How to recover fdb database from attempt of excluding the single sattellite node?

Hello!

I have 2 region 3dc configuration. Each region has 3 nodes in the primary dc and one node in a sattellite dc. “satellite_redundancy_mode” is set to “one_satellite_single”,

Now I want to remove all sattellite dcs from the configuration.

Excluding the single sattelite dc node from the 2-region with exclude command in fdbcli completed without any issues. But excluding the sattellite dc node from the first region hangs.

Afer this hang the database became unavailable.

db> status details
Using cluster file `fdb-primary.cluster’.
Recruiting new transaction servers.
Need at least 2 log servers across unique zones, 1 commit proxies, 1 GRV
proxies and 1 resolvers.

Have 8 non-excluded processes on 8 machines across 8 zones.
Unable to locate the data distributor worker.
Unable to locate the ratekeeper worker.

Seems excluding the last sattelite node with one_satellite_single policy was a bad idea.

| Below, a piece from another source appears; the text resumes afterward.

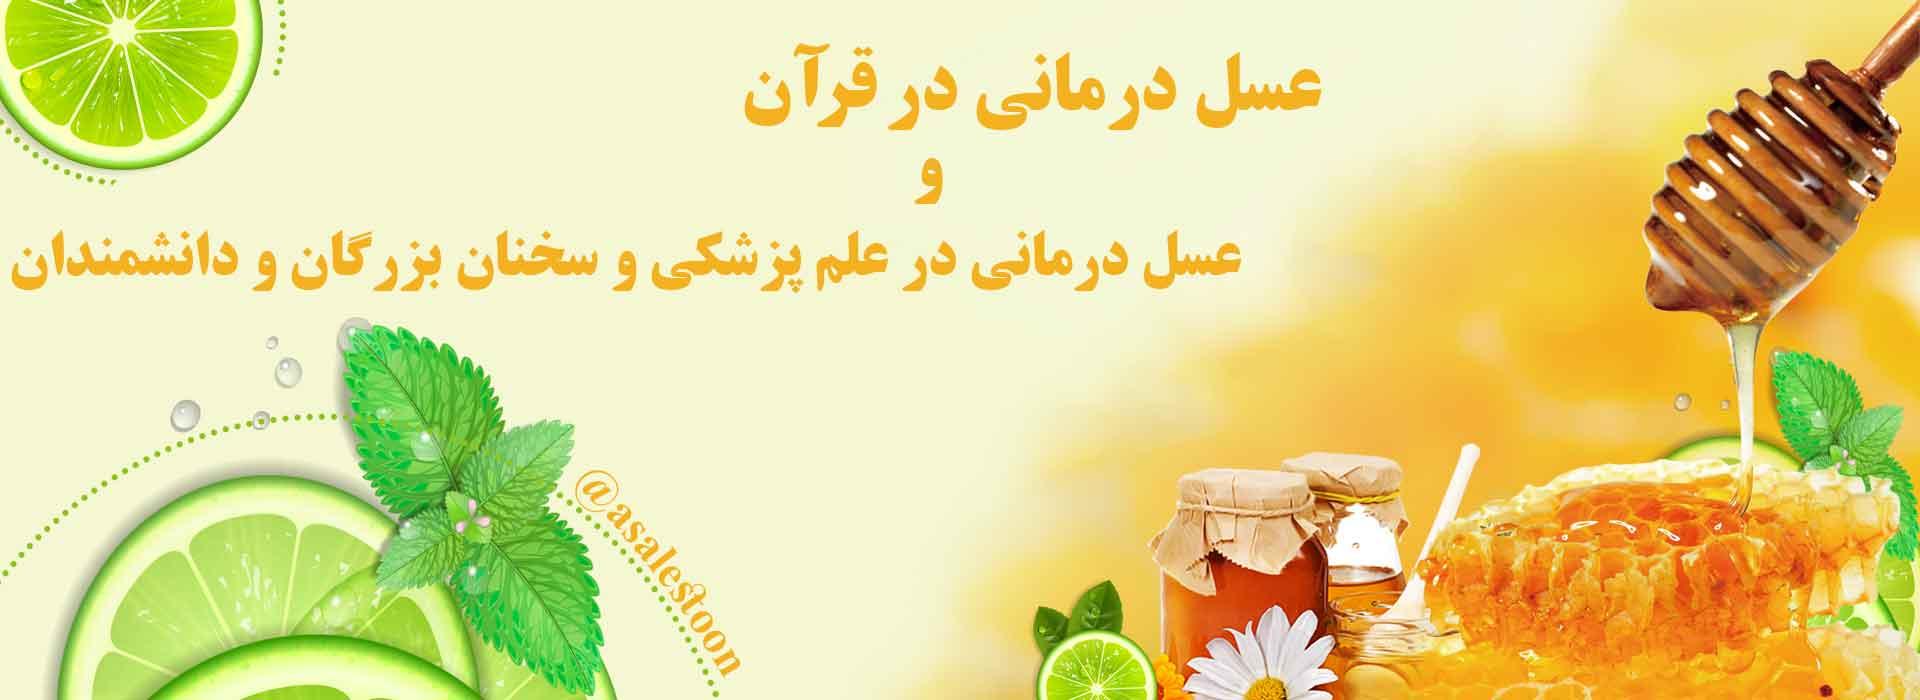 عسل درمانی در قرآن و عسل درمانی در علم پزشکی و سخنان بزرگان و دانشمندان

Is there any way to recover data from this database and restore the cluster to operating mode?

Seems the error message isn’t very good for this case.

Is there any way to recover data from this database and restore the cluster to operating mode?

As long as you still have enough of your original processes, I would expect it should be possible to startup some new satellite processes and recover the database. I don’t think it’s necessary that the satellite logs be the same or have their original data if you’ve lost it.

With the specified policy, it is required that your commits all go to a satellite before they can be considered complete. In order to remove the satellite, you’ll first need to change the policy to no longer have this requirement, and once done then you can remove the processes.

This may be another case where this would be useful: https://github.com/apple/foundationdb/issues/1292

As long as you still have enough of your original processes, I would expect it should be possible to startup some new satellite processes and recover the database. I don’t think it’s necessary that the satellite logs be the same or have their original data if you’ve lost it.

All original satellite processes are started and keep their data. But they do not help because they have been excluded by exclude command.

I’ve created another node in the satellite datacenter and I’ve started a new process. fdbcli shows it as 9 processes instead of 8, but fdb doesn’t use the new process for log destination.

Are you able to re-include them?

How to reinclude it?

In fdbcli:

> include <IP:port>

Or if you excluded the whole IP,

> include <IP>

include command hangs

fdb> include 192.168.56.92
WARNING: Long delay (Ctrl-C to interrupt)
The database is unavailable; type `status’ for more information.

Ok, I wasn’t sure if that would happen or not. You could also potentially try reconfiguring the cluster to remove the satellite, which is probably more likely to work.

Excellent!
Including the new machine does not not work. But including the old machine works!

fdb> include 192.168.56.91
WARNING: Long delay (Ctrl-C to interrupt)
The database is unavailable; type `status’ for more information.
fdb> status details

… A good status …

So the right way of recovering fdb after excluding the last satellite machine is reincluding the same machine again.